Por Jorge Rojas Neira, Doctor en Derecho, Universidad de California, Berkeley, Senior Fellow, University of California Davis, School of Law, Senior Advisor Innovación y Transferencia, Universidad de Tarapacá.
La propiedad intelectual no debiera ser considerada como un fin en sí mismo, sino como una herramienta que debe contribuir al bienestar de la sociedad y que, como todo derecho de propiedad, tiene una función social.

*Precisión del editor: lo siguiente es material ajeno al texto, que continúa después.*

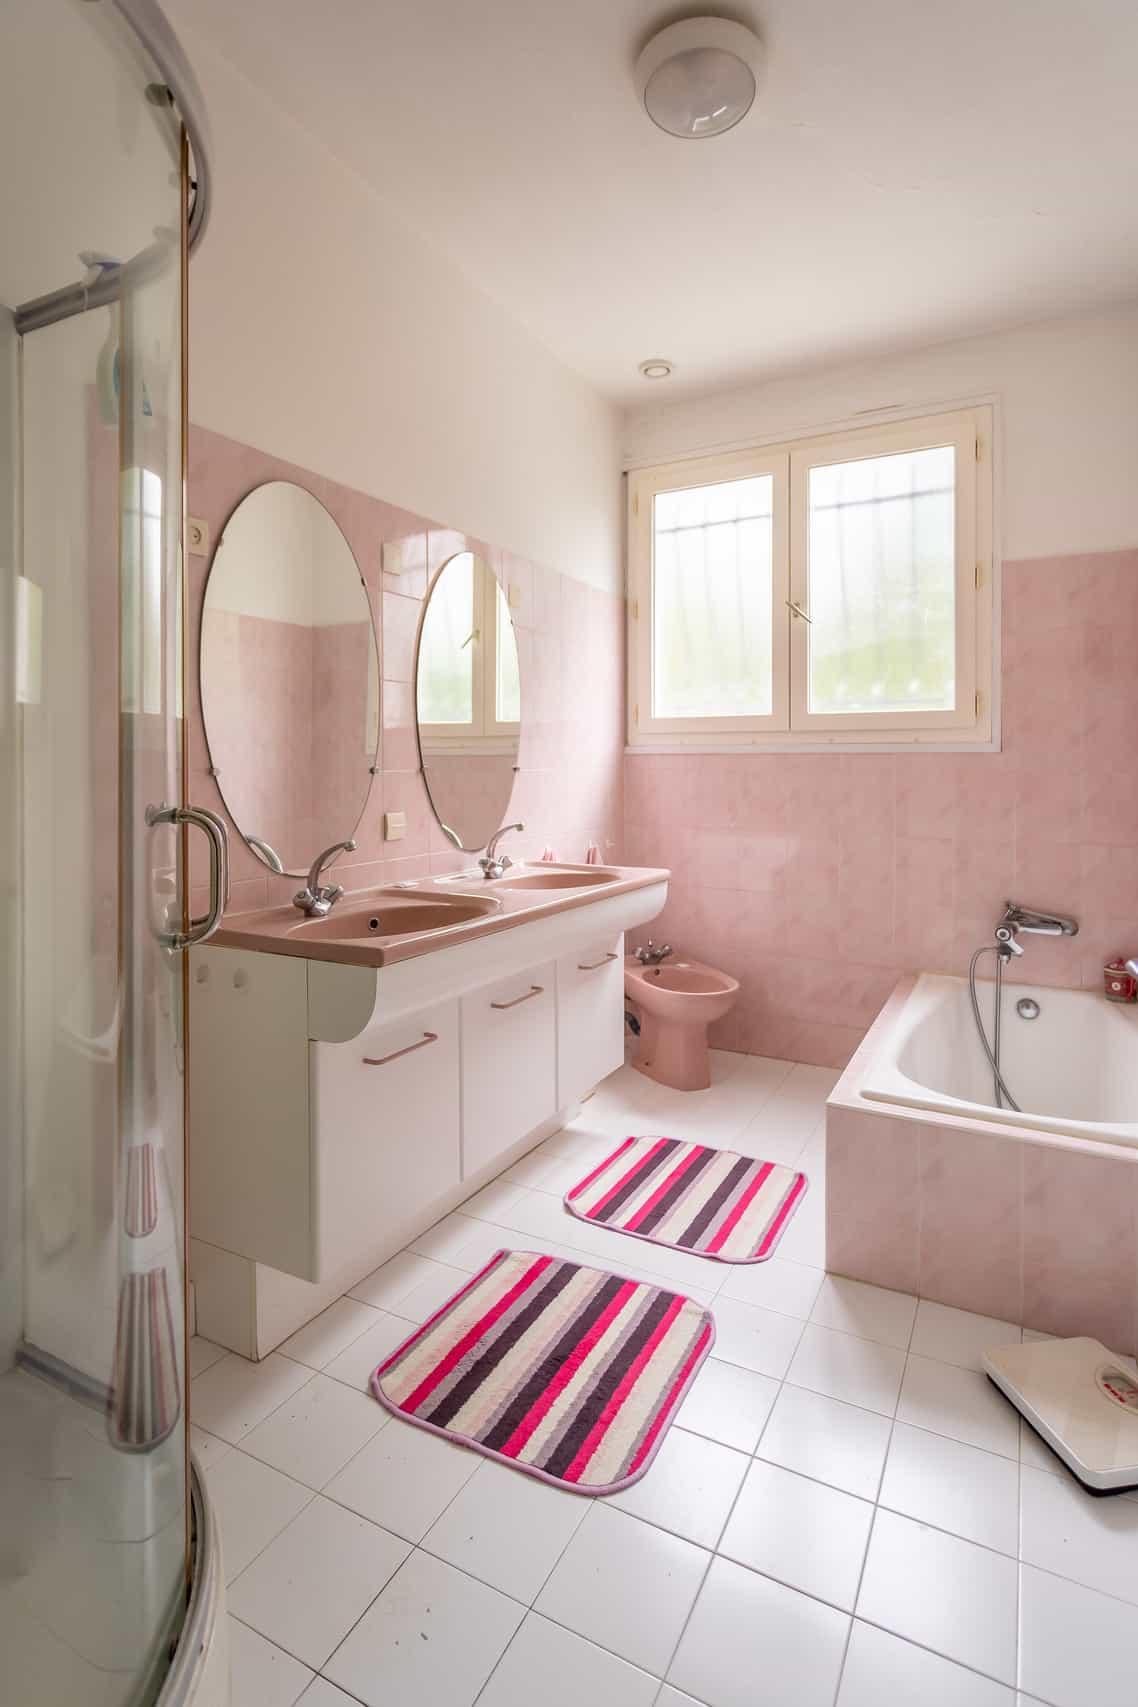 Bathroom-47011

El reciente debate sobre la eficacia y el futuro del sistema chileno de innovación y transferencia tecnológica, impulsado por la Evaluación de Programas Gubernamentales (EPG) de la Dirección de Presupuestos (Dipres) sobre el Programa de Transferencia Tecnológica (OTL y HUBs), ha revelado fracturas profundas en la articulación entre el Estado, la academia y la sociedad. Mientras el Panel de Evaluación constata fallas de diseño y la ANID asume compromisos clave, el sistema de universidades estatales, a través de sus propuestas de fortalecimiento, exige una reconfiguración total.
En este contexto, la visión del “Leviatán” –entendido como el sector público nacional e internacional que financia mayoritariamente la I+D– no puede limitarse a corregir fallas operativas o de mercado. Es imperativo que su potestad normativa en materia de Propiedad Intelectual (PI) y Transferencia Tecnológica (TT) funcione como un instrumentum regni, una herramienta funcional al servicio del bien común y la ciudadanía.
La integración de las ideas fundamentales para un sistema de innovación equitativo, con impacto territorial y que utilice intensivamente la inteligencia artificial (IA), revela cómo las actuales propuestas de reforma deben ir mucho más allá de las métricas económicas tradicionales.